Wednesday, November 6, 2024

Bernie Sanders on Political and Economic Reality UPDATED!

 Dear Jack,

Let me thank you all for the financial and political support that you have given me over the last many months. With your help, we’ve been able to hold well-attended rallies and town meetings for Kamala and Democratic candidates all across the country - New Hampshire, Maine, Illinois, Iowa, Texas, Nevada, Pennsylvania, Michigan, and Wisconsin. We have also, of course, held numerous events in my own state of Vermont where I’m running for reelection to the Senate.

Will we be successful in defeating Trump – the most dangerous candidate in modern American history? Well, we’ll find out soon enough. But, this I do know. No matter what the outcome of this election the Democratic Party needs fundamental and immediate reform. It can no longer continue to ignore the major economic and political crises facing the working families of our country.

YES. We must address the reality that the United States is rapidly moving to an oligarchic form of society. Never before in our history have so few had so much wealth and power.

YES. We must address the reality that we have an economy in which the wealthiest people have never had it so good, while 60 percent of our people live paycheck to paycheck. Millions work for starvation wages while the minimum wage remains at $7.25 an hour.

YES. We must address the reality that our political system is totally corrupt. It’s not just Trump who is undermining our democracy. As a result of the disgraceful Citizens United Supreme Court decision a handful of the very richest people in America are spending billions to buy the presidential and state elections.

YES. We must address the reality that our health care system is totally broken and that we remain the only wealthy nation on earth not to guarantee health care to all as a human right. Despite spending twice as much per capita on health care as any other country, 85 million are uninsured or under-insured and our life expectancy is significantly lower than most other countries.

YES. We must address the reality that not only is climate change real, it is an existential threat to our country and the world. This is a crisis that cannot be solved unilaterally. If we do not achieve an unprecedented level of international cooperation the planet we will be leaving our children and future generations will be increasingly unhealthy and uninhabitable.

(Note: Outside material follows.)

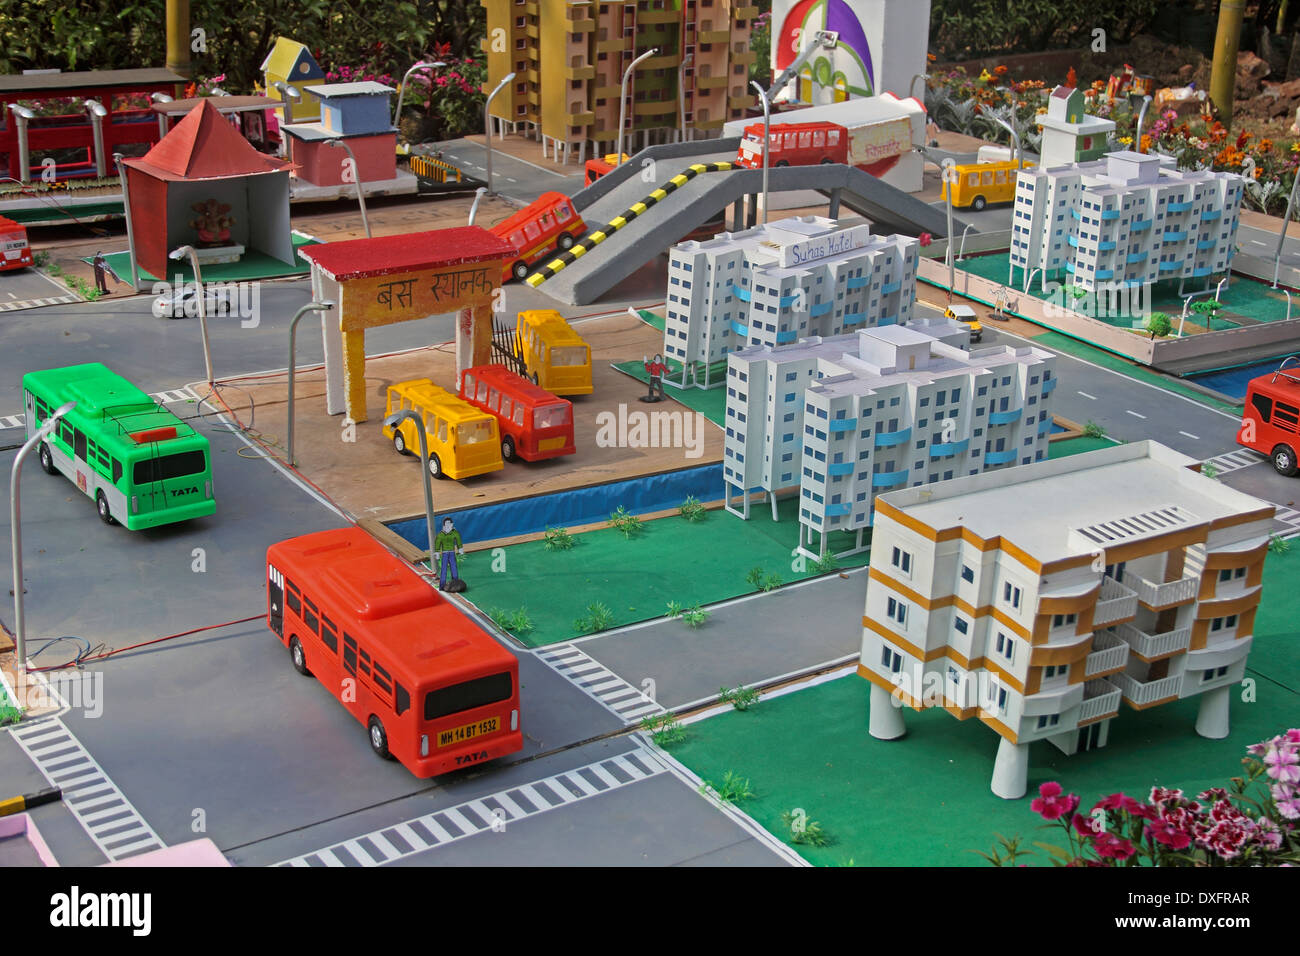 Architekturmodell von Gebäuden, Straßen mit Verkehr Stockfoto

YES. We must address the reality that while we now spend a trillion dollars a year on the military, our foreign policy for decades has been counterproductive to peace, democracy and economic development. No. We cannot continue to fund the right-wing extremist Netanyahu government which is starving children in Gaza.

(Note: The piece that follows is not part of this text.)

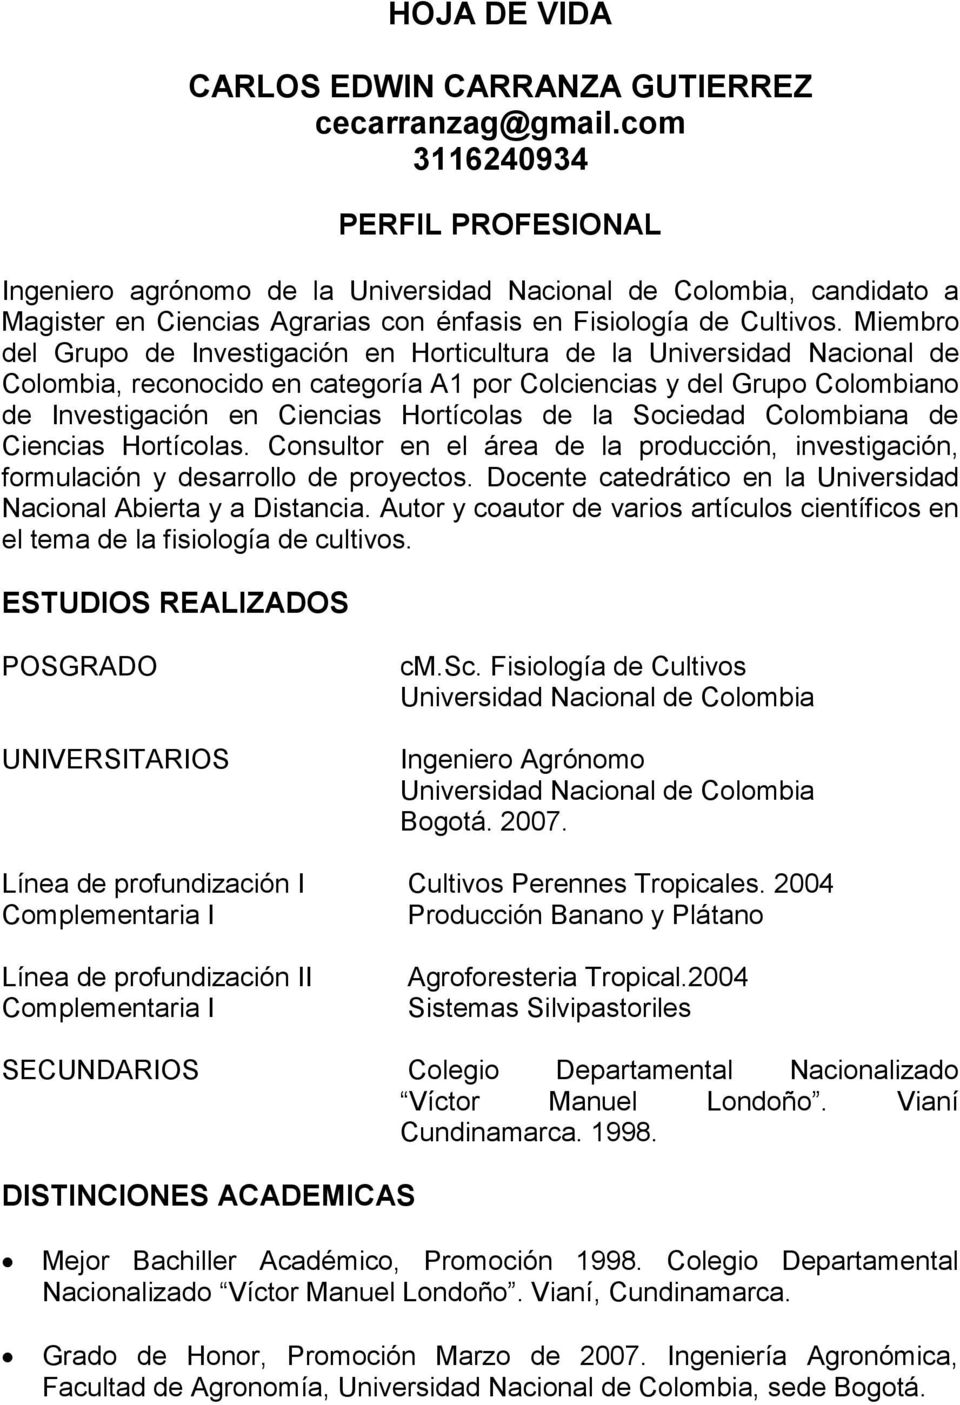 Miembro del Grupo de Investigación en Horticultura de la Universidad Nacional de Colombia, reconocido en categoría A1 por Colciencias y del Grupo Colombiano de Investigación en Ciencias Hortícolas de

In the remaining few hours of this campaign let us do everything we can to bring out the vote and elect Kamala Harris as our next president. Please. Get your friends, family and co-workers to the polls. In this extremely close election every vote really does count.

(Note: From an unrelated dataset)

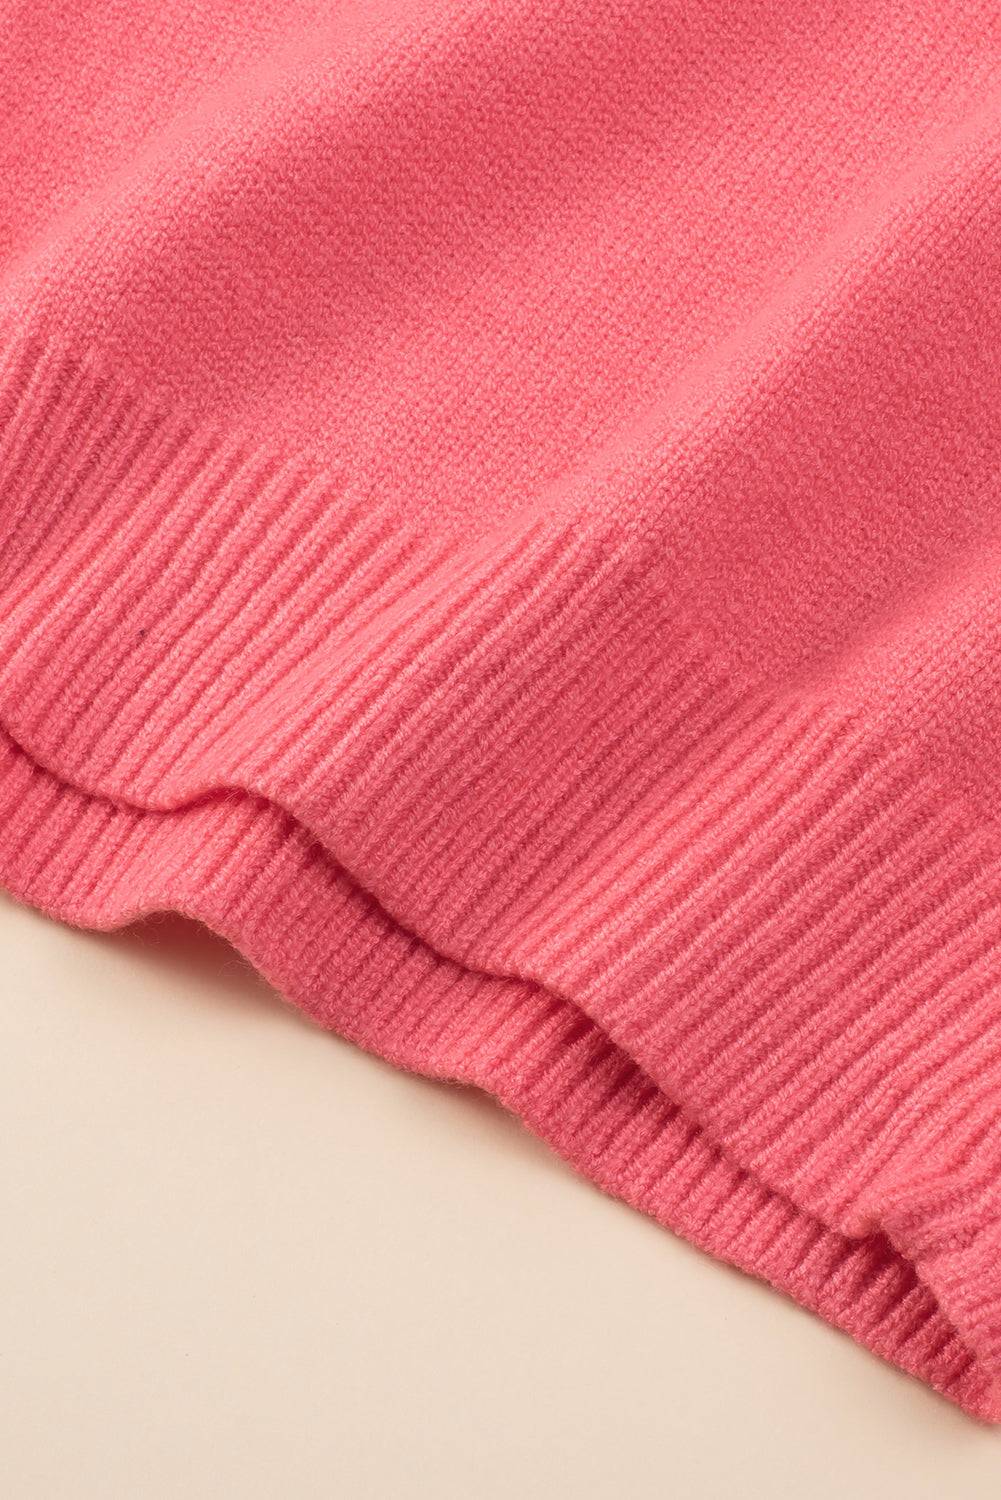 Rožnat pulover velike velikosti z v-izrezom in spuščenimi rameni

And then, on the day after Kamala wins, let us accelerate our efforts to bring working families together to create an economy and government that works for all, not just the few. There’s a lot of work to be done. Let’s do it.

Thanks for your continuing support and all that you do.

In solidarity,

UPDATE 11/7

Dear Jack,

It should come as no great surprise that a Democratic Party which has abandoned working class people would find that the working class has abandoned them. First, it was the white working class, and now it is Latino and Black workers as well. While the Democratic leadership defends the status quo, the American people are angry and want change. And they’re right.

Today, while the very rich are doing phenomenally well, 60% of Americans live paycheck to paycheck and we have more income and wealth inequality than ever before. Unbelievably, real, inflation-accounted-for weekly wages for the average American worker are actually lower now than they were 50 years ago.

Today, despite an explosion in technology and worker productivity, many young people will have a worse standard of living than their parents. And many of them worry that Artificial Intelligence and robotics will make a bad situation even worse.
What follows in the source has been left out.